- Creation date: 20 January 1559
- Created by: Philip II
- Peerage: Peerage of Spain
- First holder: Diego López de Haro y Sotomayor, 1st Marquess of Carpio
- Present holder: Carlos Fitz-James Stuart y Martínez de Irujo, 17th Marquess of Carpio

= Marquess of Carpio =

Hereditary title in the Peerage of Spain

Marquess of Carpio (Marqués del Carpio) is a hereditary title in the Peerage of Spain accompanied by the dignity of Grandee, granted in 1559 by Philip II to Diego López de Haro, Lord of Carpio, veintiquatro and first chief of the Royal Stables of Córdoba.

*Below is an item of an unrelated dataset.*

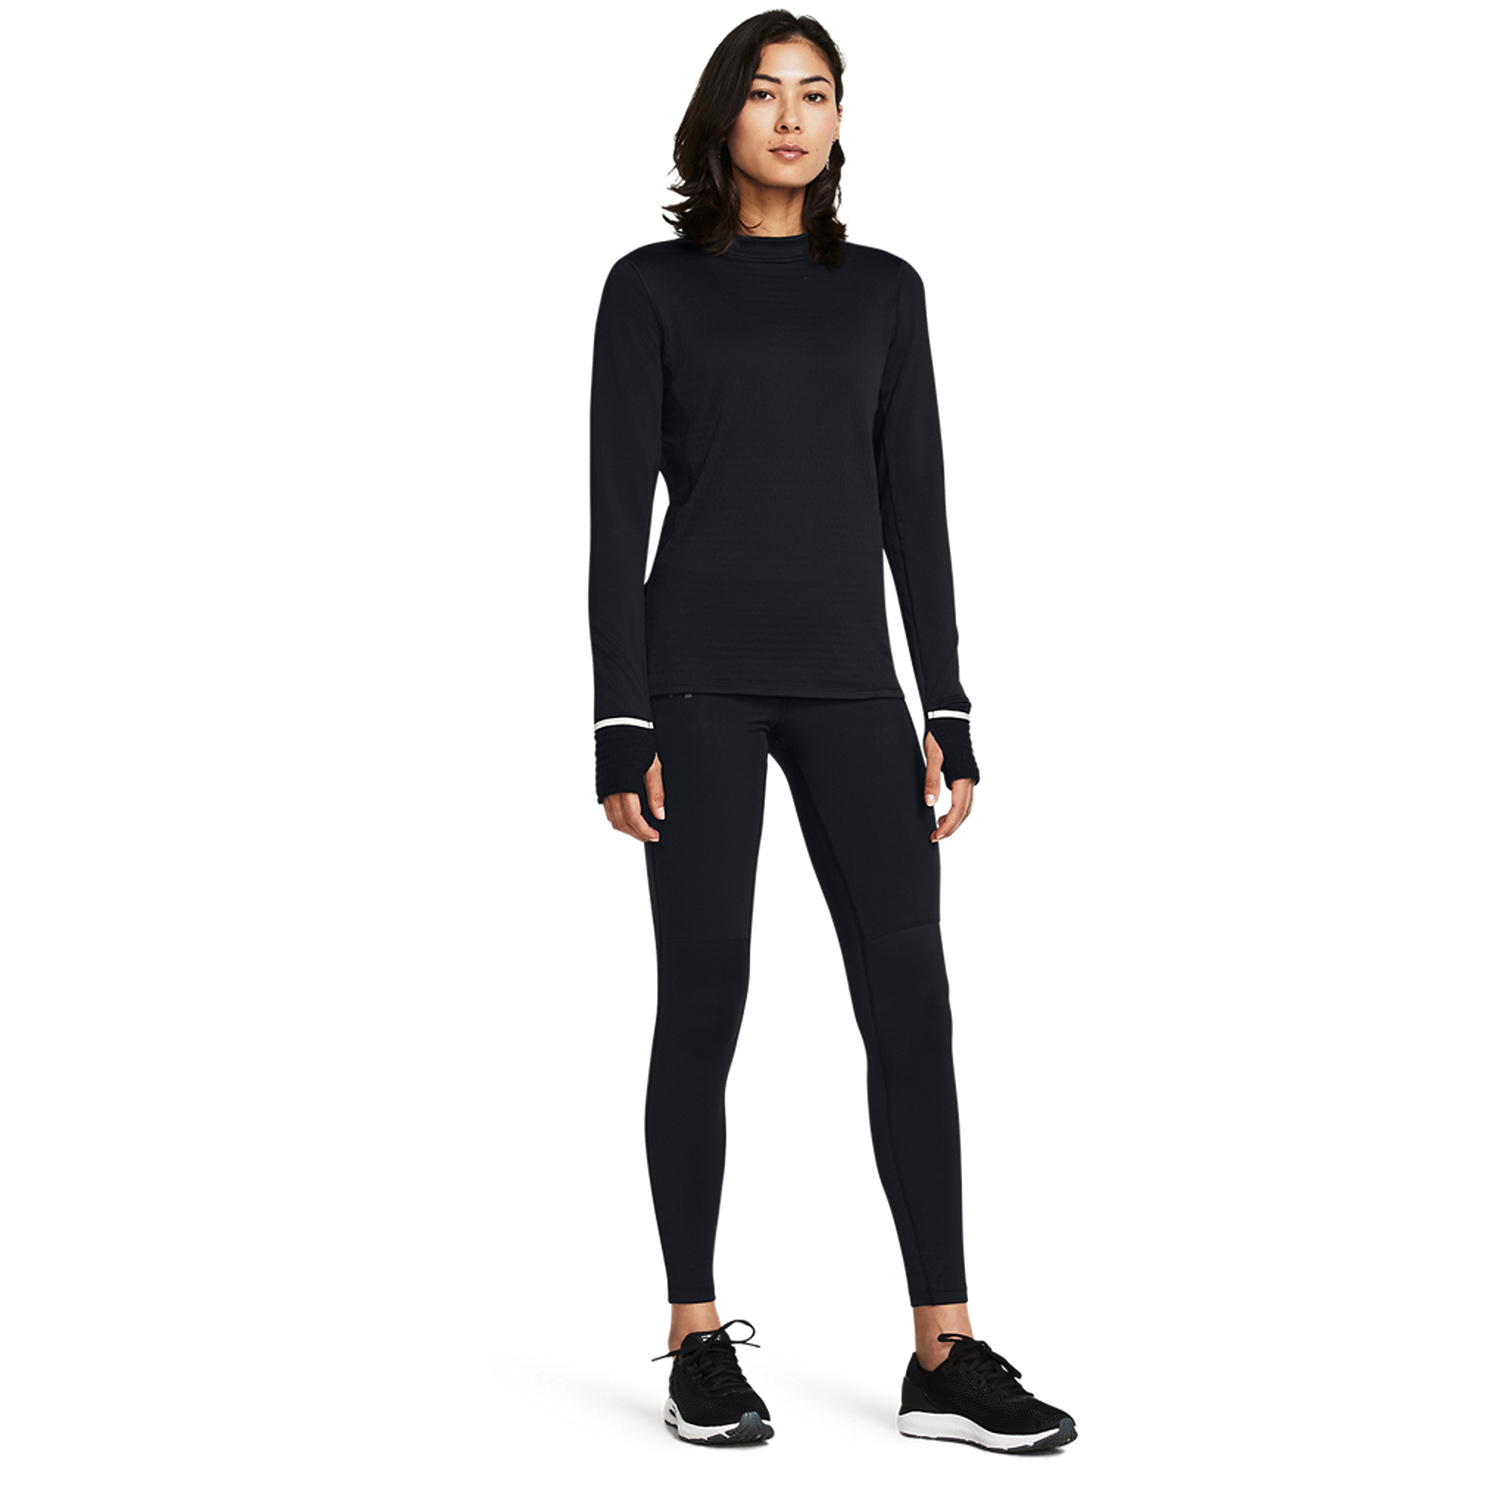 Under Armour Qualifier Cold Tights - Black

The title holds dominion and lordship over what is roughly the area of El Carpio in the area of Andalucía, Province of Córdoba, and was at times also tied to the Señorios of Lobrín and Sorbes. The title lends its name to the House of Carpio.

== History ==

The Marquessate of Carpio has its origins in the Señorio del Castillo de Carpio which was founded in 1325 by García Méndez de Sotomayor.

The Marquesado del Carpio was originally tied to the title of a Grande de España granted by King Philip II of Spain in 1559. The title was bestowed upon Diego Lopez de Haro y Sotomayor on 20 January 1559 in recognition of his services to the crown, however the Grandeeship may have been revoked or not inherited at some point along the line as another Grandeeship was conferred onto the Marquesado by King Philip IV of Spain in 1640 which was granted to Diego de Haro y Haro, 5th Marquess of Carpio and Count of Morente.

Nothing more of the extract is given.